Agustin Huneeus, and other members of his immediate family, as well as Mr.
Huneeus, individually and through various family owned entities (the "Huneeus
Interests") engaged in certain transactions with Franciscan during the last
fiscal year that are expected to be of an ongoing nature from year to year. The
Huneeus Interests (a) engage Franciscan for certain wine processing services;
(b) engage Franciscan as the exclusive distributor of Quintessa wines under a
long-term contract; (c) sell grapes
to Franciscan pursuant to existing long-term contracts; (d) participate as
partners with Franciscan in the ownership and operation of a winery and
vineyards in Chile; (e) render brand management consulting and advisory services
in the United States and internationally with respect to the Veramonte brand;
and (f) render consulting services to Franciscan and the Company. Payments to
the Huneeus Interests pursuant to these transactions and arrangements totaled
approximately $4,790,300 for the last fiscal year. Payments from the Huneeus
Interests to Franciscan for certain wine processing services totaled
approximately $354,349 for the last fiscal year.
By an Agreement dated December 20, 1990, the Company entered into a
split-dollar insurance agreement with a trust established by Marvin Sands of
which Robert Sands is the trustee. Pursuant to the Agreement, the Company pays
the annual premium on an insurance policy (the "Policy") held in the trust,
$209,063 in fiscal 2002, and the trust reimburses the Company for the portion of
the premium equal to the "economic benefit" to Marilyn Sands, calculated in
accordance with the United States Treasury Department rules then in effect
($25,236 for fiscal 2002). The Policy is a joint life policy payable upon the
death of Marilyn Sands, as the survivor of the two insureds, with a face value
of $5 million. Pursuant to the terms of the trust, Richard Sands, Robert Sands
(in his individual capacity) and the children of Laurie Sands (the deceased
sister of Richard and Robert Sands) will each receive one-third of the proceeds
of the Policy (after the repayment of the indebtedness to the Company out of
such proceeds as described below), if they survive Marilyn Sands. From the
inception of the agreement through the end of fiscal 2002, the Company has paid
aggregate premiums, net of reimbursements, of $2,382,327. The aggregate amount
of such unreimbursed premiums constitutes indebtedness from the trust to the
Company and is secured by a collateral assignment of the Policy. Upon the
termination of the Agreement, whether by the death of Marilyn Sands or earlier
cancellation, the Company is entitled to be repaid by the trust the amount of
such indebtedness.
Richard Sands, Robert Sands and four trusts formed under the will of Laurie
Sands are the beneficial owners of a limited partnership which owns railroad
cars.
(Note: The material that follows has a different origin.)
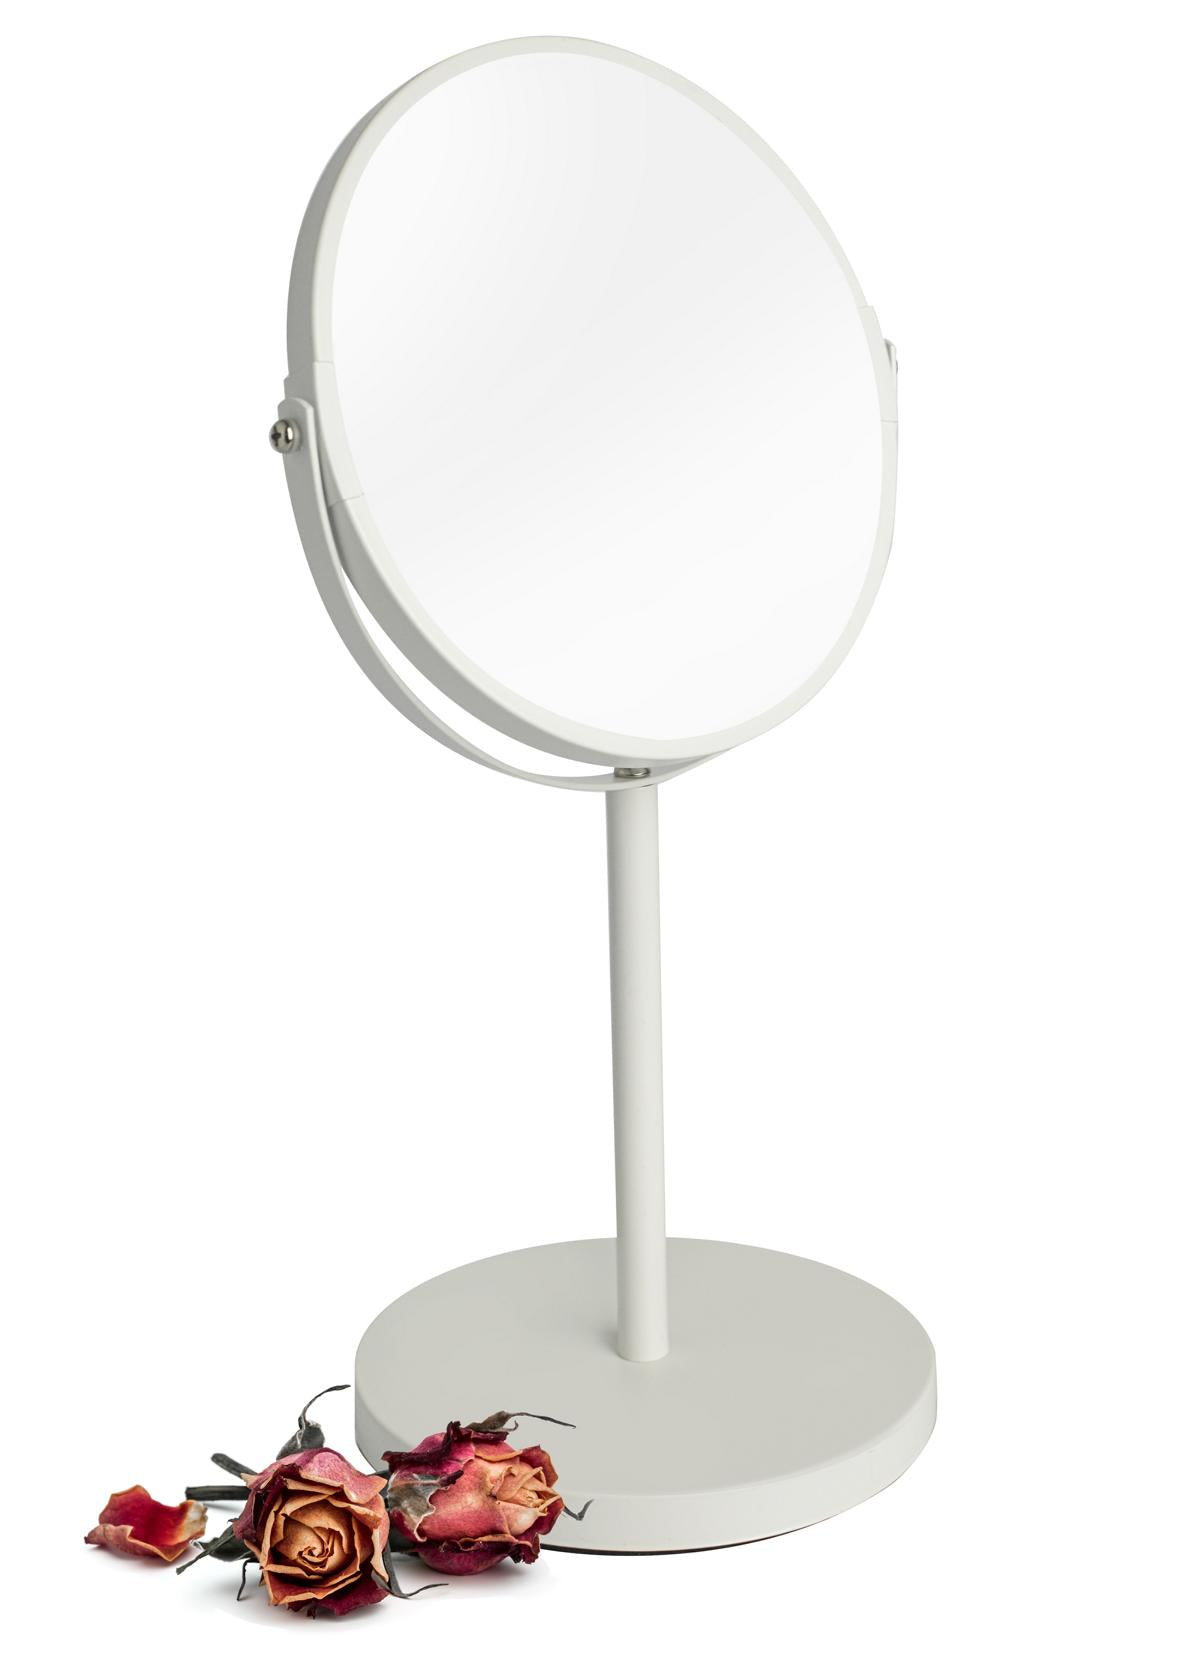 Make-up mirror, cosmetic mirror, shaving mirror, standing mirror, magnification white

These cars are leased by the Company from the partnership at fair market
rates. During fiscal year 2002, with respect to leasing these cars, the Company
made payments to this limited partnership in the amount of $30,797. The Company
expects to continue its present relationship with the limited partnership during
fiscal year 2003.
Richard Sands, Robert Sands and their mother, Marilyn Sands are beneficial
owners of L, R, R & M, LLC, a Delaware limited liability company which owns the
Inn on the Lake in Canandaigua, New York (the "Inn"). The Inn is leased and
operated by a third party. The Inn is frequently used by the Company for
Company functions and for its out-of-town employees visiting the Company on
business. During the last fiscal year, the Company paid the operators of the
Inn approximately $38,035 (exclusive of employee reimbursed expenses).
In September 2001, R, R, M & C Partners, L.L.C., a Missouri limited
liability company ("RRM&C") and M, L, R & R, a New York general partnership
("MLR&R"), both of which are affiliates of the Sands family, sold an aggregate
of 4,300,000 shares of Class A Common Stock in a registered public offering.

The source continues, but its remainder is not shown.